SQL : Projection Characteristics 





To project out all the attributes in a relation, use * in the Select phrase. Example :Select * From R ; The result is the same as relation „R‟. (Thus a retrieval of a whole table is in fact a retrieval of a projection of all the attributes). Nullary relations. These are not permitted in SQL. If nothing is put between the Select and From keywords, a syntax error will be issued. SQL does not allow the specification of unwanted attributes in the Select phrase.

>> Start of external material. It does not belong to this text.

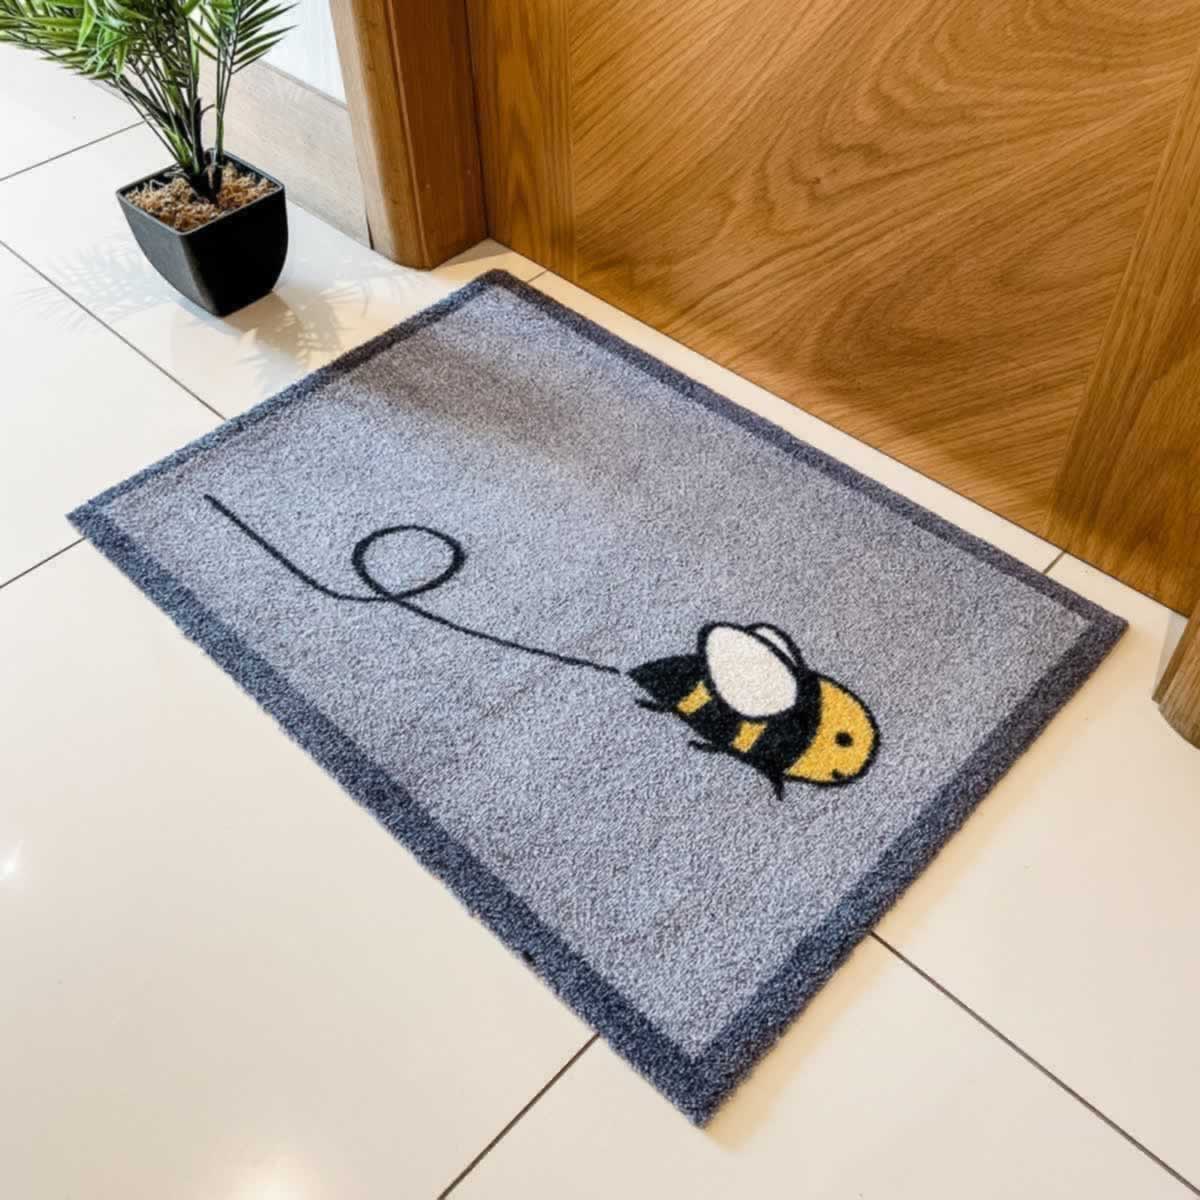 Bee Doormat in Hallway

In practice, not being able to have nullary relations does not create much of a problem. However Hugh Darwen1 has pointed out the value of using nullary relations to represent true and false, as a consequence of which, there are some useful queries which could be written but are impossible in SQL. If one wants to remove 1 - 2 attributes from a relation which has many attributes, say 10 or more, having to write out all the attributes that one does want is tedious and can be error-prone.

1

Hugh Darwen, The Nullologist in Relationland in C. J. Date & Hugh Darwen, Relational Database Writings 1989 - 1991 (Addison-Wesley, 1992).